The vast MIC differences between MRSA strains, the population heterogeneity within single strains and the dependence of resistance levels on external factors are reflected in these many structural genes and global regulators, which can influence resistance levels. While typically considered nosocomial pathogens, new faster growing and apparently more virulent MRSA have begun spreading in the community. Interestingly, these emerging strains often express very low methicillin resistance, e.g. the MRSA clone spreading amongst intravenous drug users in the Zurich area, which has an in vitro Entospletinib doubling time of 25 min, but oxacillin MICs of only 0.5
to 4 μg/ml [23]. This particular clone’s low-level resistance is partially due to a promoter mutation, leading to tight repression of mecA, but resistance levels appear to be mainly restricted by unknown factors within its genomic background [12]. To identify potential factors involved in mecA regulation
or methicillin resistance levels in such an extremely low level resistant MRSA, we performed DNA-binding protein purification assays, using the mecA operator region as bait. A novel, uncharacterized protein, SA1665, was found to bind to this DNA fragment, and shown to increase methicillin resistance levels when deleted.
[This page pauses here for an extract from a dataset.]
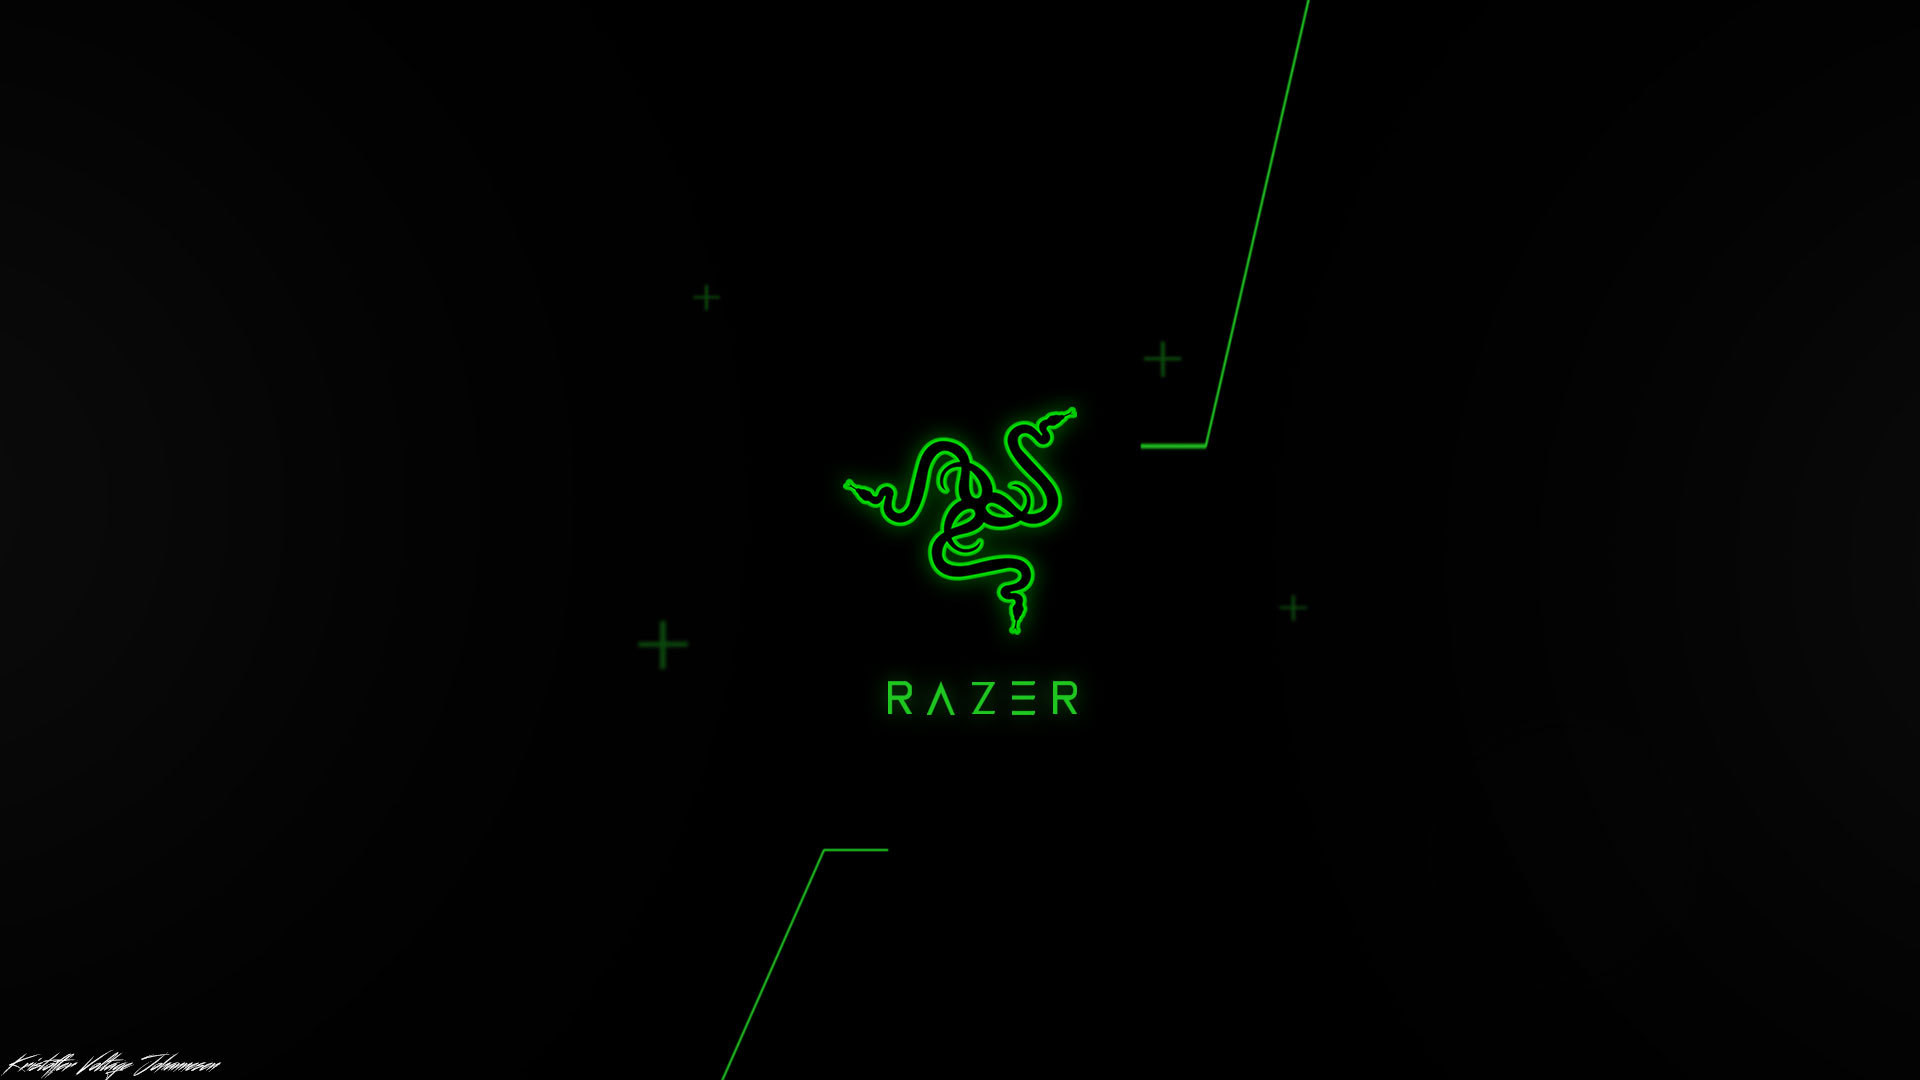 Обои На Рабочий Стол Razer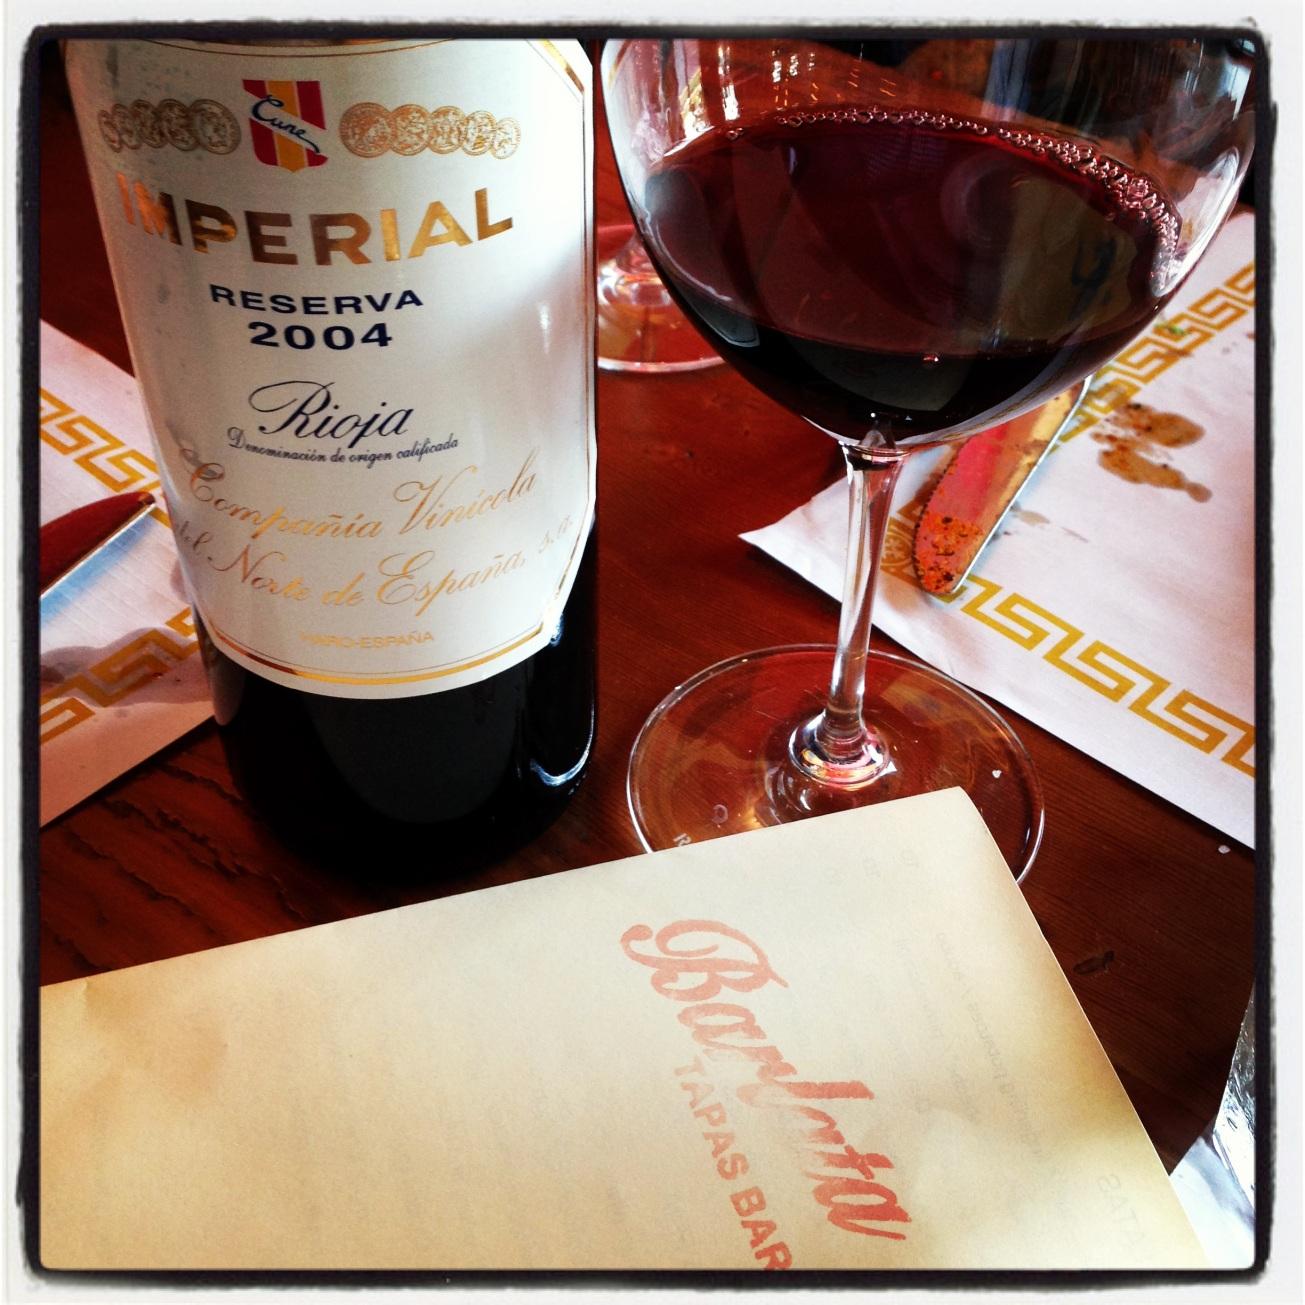 2004 C.V.N.E. (Compañía Vinícola del Norte de España) Rioja Imperial Reserva

Results Identification of SA1665 MRSA strain CHE482 is the type strain for APR-246 mw the so-called “”drug clone”" spreading amongst intravenous drug users in the Zurich area [12, 23]. This strain carries mecA and expresses PBP2a, but appears phenotypically methicillin susceptible by conventional phenotypic tests. However, like most other low-level resistant MRSA, it can segregate a small proportion of higher resistant subclones in the presence of β-lactams. We hypothesized that Alpelisib price regulation of methicillin resistance in such low-level resistant clonal lineages may differ qualitatively from classical heterogeneously- or highly-resistant MRSA. A DNA-binding protein purification assay was performed to identify new potential factors involved in the regulation of mecA/PBP2a. The mecA/mecR1 intergenic DNA region, including the 5′
9 bp of mecR1 and the first 52 bp of mecA, was used as bait against crude protein extract from strain CHE482. Proteins why binding to this DNA fragment were analysed by SDS-PAGE. Even though CHE482 contained BlaI, which is known to bind to the mec operator, this band could not be identified on gels due to co-migrating, non-specific bands the same size as BlaI (14.9 KDa) that bound to both the DNA-coated and uncoated control beads. The most prominent protein band of ~16–20 kDa, isolated from DNA-labelled but not from control beads, was identified as the hypothetical protein SA1665 (N315 genome annotation [BA000018]) (Figure 1A). SA1665 encodes a predicted 17-kDa protein with an n-terminal helix-turn-helix (HTH) motif characteristic of DNA-binding transcriptional regulators.